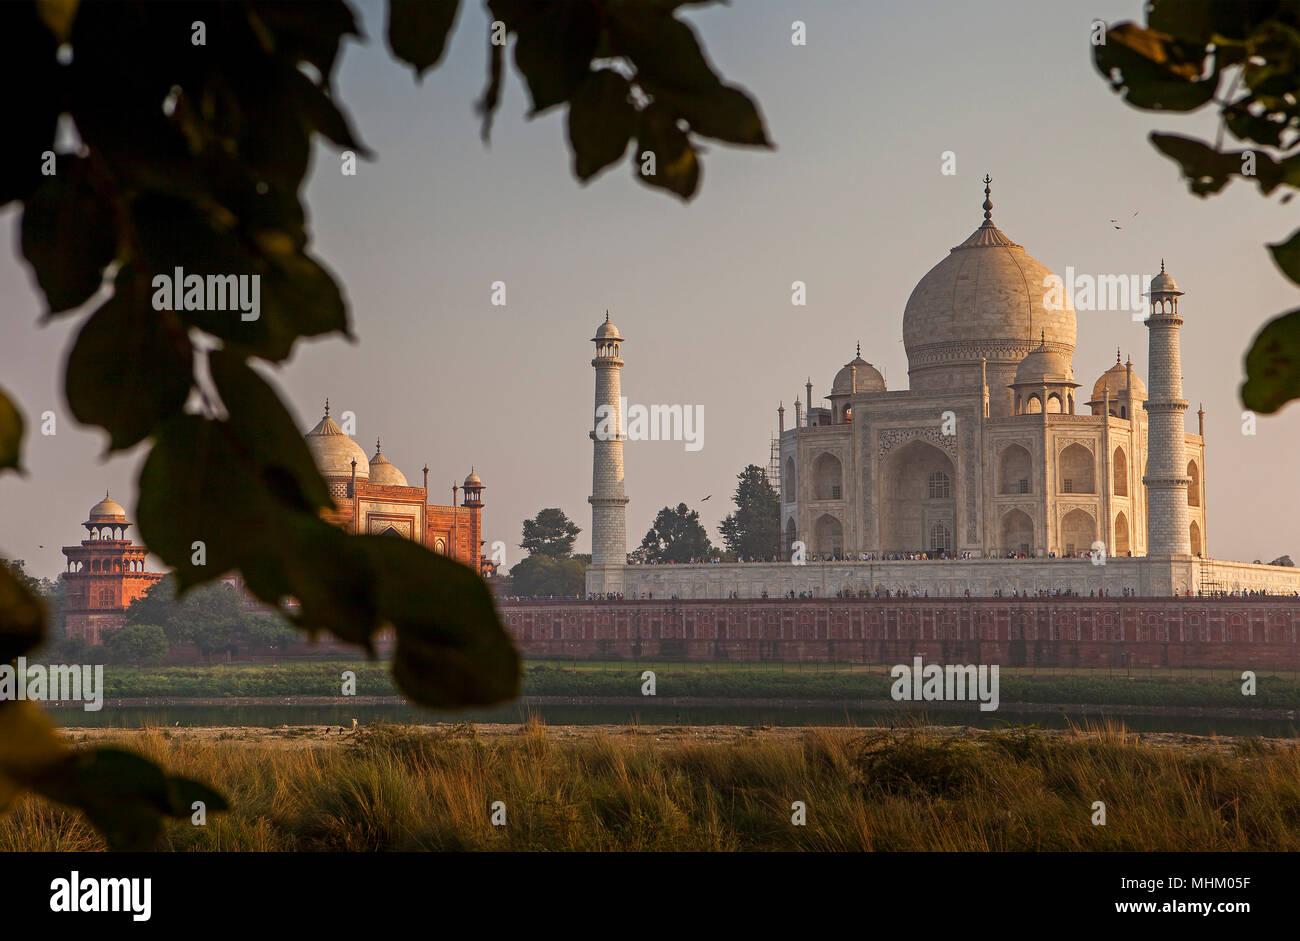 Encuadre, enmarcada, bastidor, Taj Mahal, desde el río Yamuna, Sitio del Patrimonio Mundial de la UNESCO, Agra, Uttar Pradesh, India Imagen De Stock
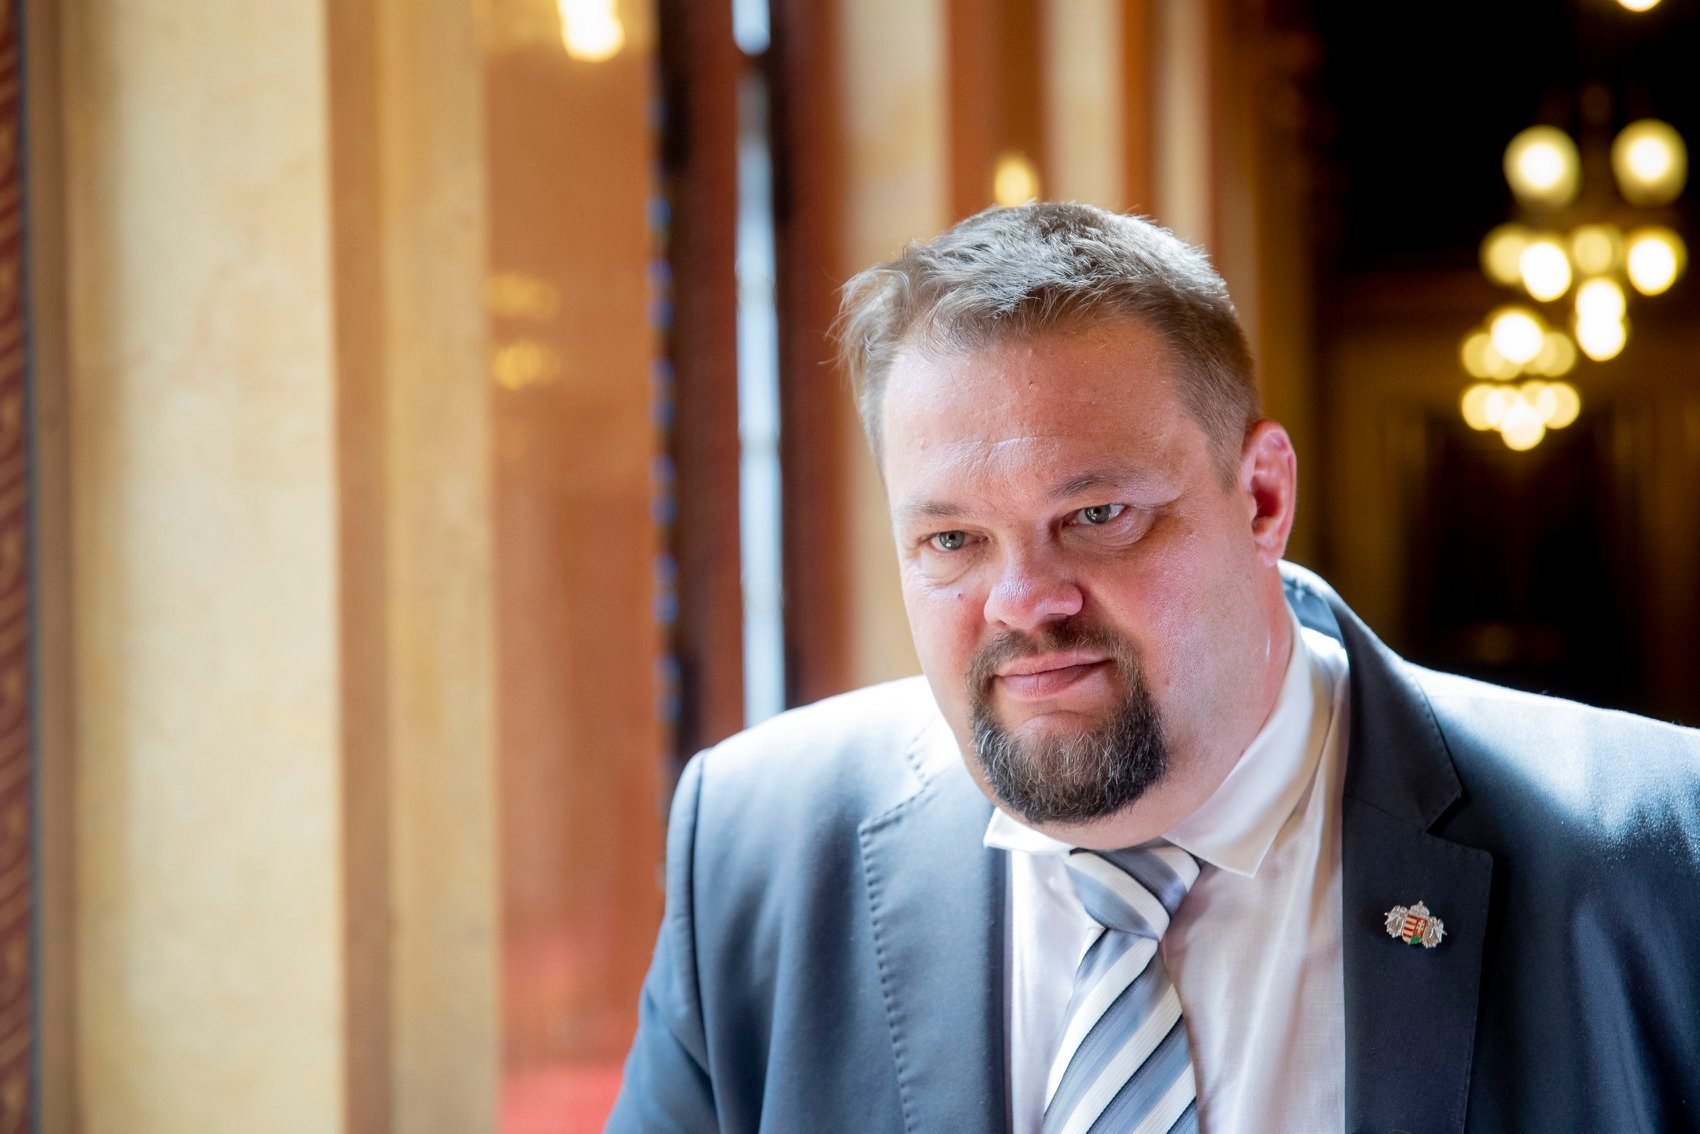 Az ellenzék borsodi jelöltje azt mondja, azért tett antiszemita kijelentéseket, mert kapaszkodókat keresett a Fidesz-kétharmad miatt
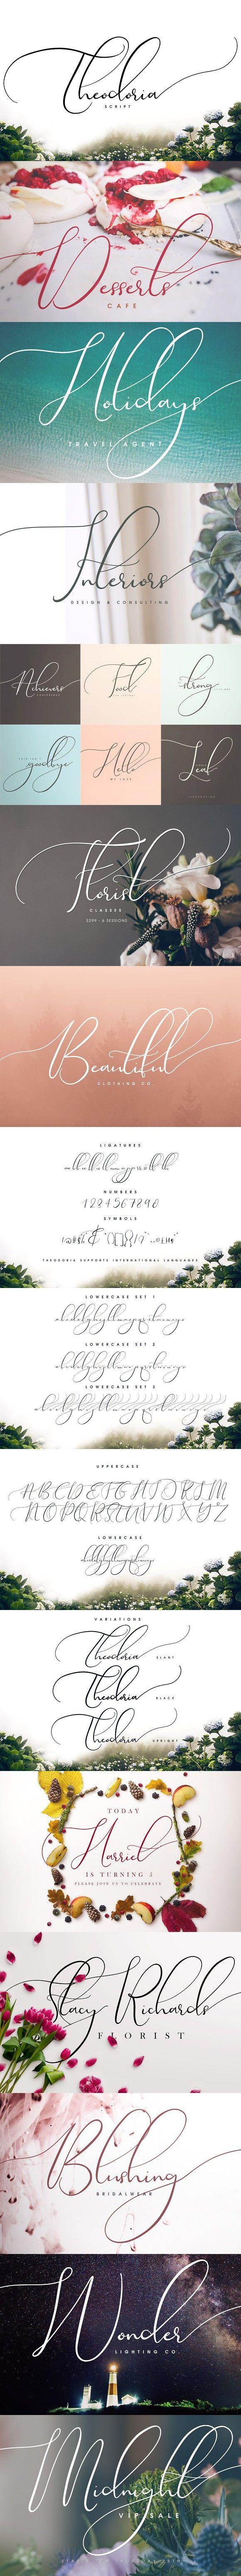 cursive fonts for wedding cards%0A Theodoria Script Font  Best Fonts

++++++++++

BRIEF: Your answer should be every line above, written out exactly, with no pictures.

SOLUTION TO THE EXERCISE:
 Encuadre, enmarcada, bastidor, Taj Mahal, desde el río Yamuna, Sitio del Patrimonio Mundial de la UNESCO, Agra, Uttar Pradesh, India Imagen De Stock
 Az ellenzék borsodi jelöltje azt mondja, azért tett antiszemita kijelentéseket, mert kapaszkodókat keresett a Fidesz-kétharmad miatt
 cursive fonts for wedding cards%0A Theodoria Script Font  Best Fonts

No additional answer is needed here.